The next time you find yourself in the whirlpool of envy that we all know, try following these steps:
- Identify and define the comparison trap. Sin loses power when you label it under a spotlight, right? Start with that. When you notice those feelings of envy or despair, turn around and ask yourself why you’re thinking those things. Are those thoughts leading you into jealousy or despair? If so, say to yourself, “This is a comparison trap, and I will not fall for it.” Often, this alone can make comparison vanish, which is pretty cool! But sometimes, we have to take our defense further to really escape the trap.

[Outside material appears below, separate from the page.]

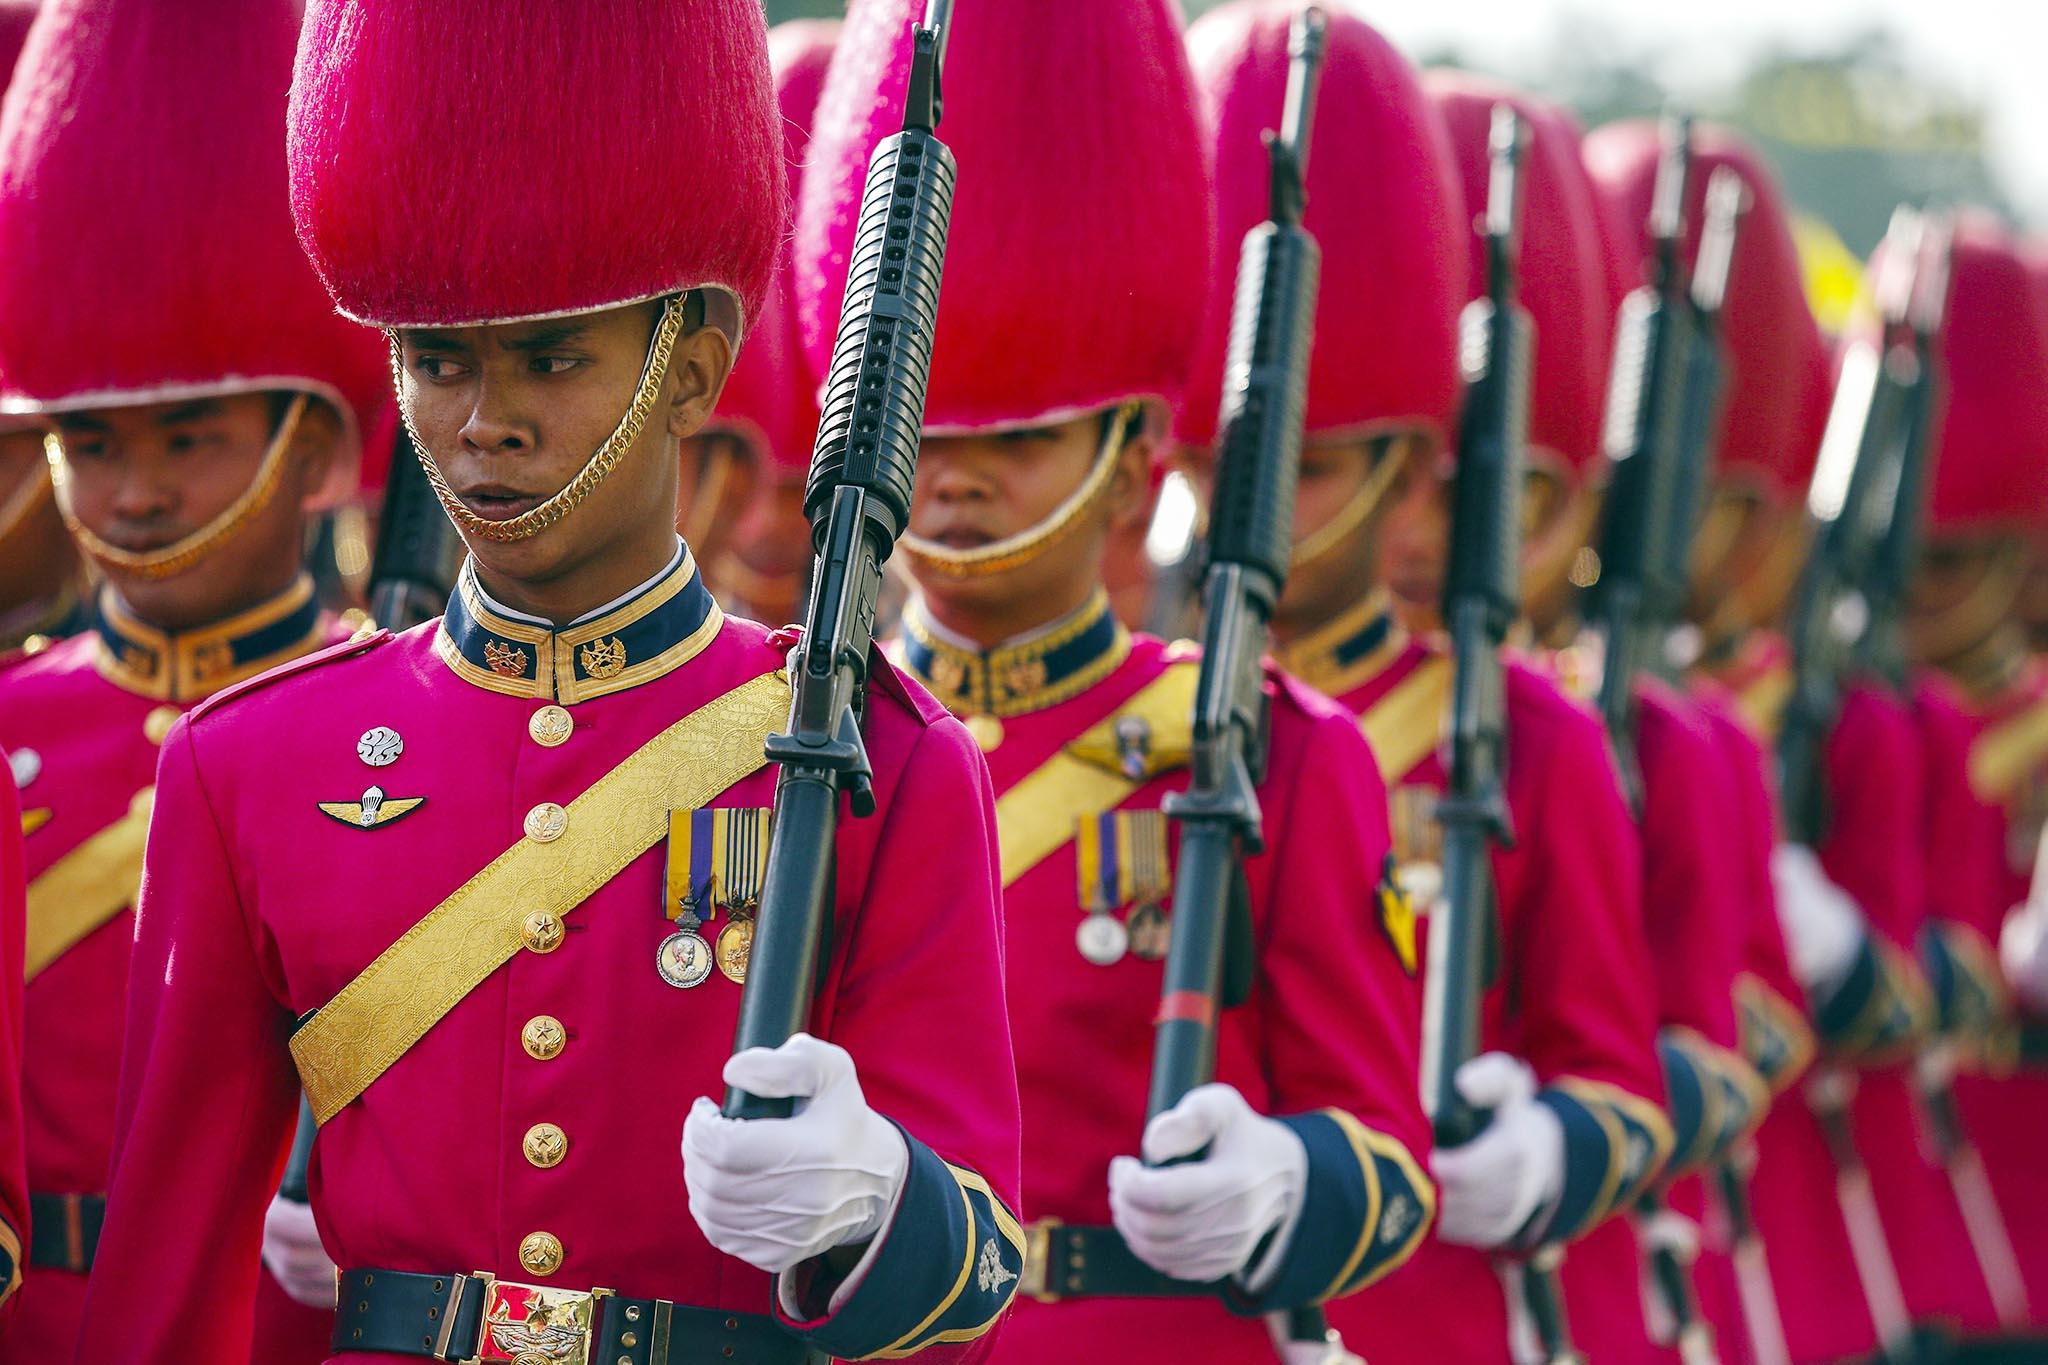 Thai royal guards of honour march during a parade to celebrate Thai King Bhumibol Adulyadej's 86th birthday at Klai Kangwon Palace, Hua Hin

- Stop doing whatever leads you into the comparison trap. Figure out the trigger—maybe when you’re online dating, you automatically think you have fewer messages than everyone else. Maybe it’s being on the phone with your beautiful friend, who doesn’t realize she’s making you feel bad. (If she does realize it, that’s a whole different article!) Maybe it’s scrolling through that perfect couple’s social media, watching YouTube, or even reading the cute couple stories on CatholicMatch. Mark the comparison trap by its environment, and then stop doing it. Take a week or two away from online dating. Take a hiatus from talking to your friend on the phone for a few days. Get off social media. The really important part of stopping comparison is what you replace it with, which is step three...
- Go do your own thing, something that DOESN'T have to do with the object of comparison. Seriously, do something else you enjoy, something completely different than the trap. For me, I love drawing as well as writing. Whenever I start to (inevitably) compare my work to Michaelangelo’s, I switch to a writing project. When I start to do the same thing with J.R.R. Tolkien, I go back to drawing. Switching gears helps me to both stop comparing and start focusing on developing myself. It can do the same for you. If you feel that you’re not good enough or will just fail anyway, that’s the comparison trap baiting you again. Ignore those thoughts. Often, this time away doing your own thing will kill the comparison trap, and you’ll start to see that your dating profile is just as awesome as the others online, that you are not an ugly troll compared to your pretty friend, or that couple’s social media is just an edited highlight reel.
- Return with fresh eyes, a fresh perspective, and maybe even a fresh approach. Watch for the comparison trap bait, and have a plan so you don’t get caught again. So what if those online profiles seem to have an endless number of dates? It doesn’t have anything to do with your own dating life. Your beautiful friend who you think you can’t compare to? She probably has just as many insecurities as you. That Instagram couple with the perfect life? They’re only posting the good moments, not the toddler tantrums or the sick days. Also, if you fall into the trap again or a new one starts up, don’t beat yourself up about it. This happens to all of us!
Repeat these steps as needed.
Remember, comparison traps hinge on what we think of ourselves, even though we’re tricked into thinking it’s about other people. We can’t know someone’s mind or relationship by looking at the outside. We just THINK we know, and that can be a serious roadblock.
In reality, comparison traps revolve around your mindset and your self-image. Pray about it, remember that you’re you for a reason and God wants you to be YOU, not anybody else. No matter what. There is a right way for you to be, and it’s probably not like that beautiful friend or that perfect couple. That’s good. Because they’re not you. Only you are.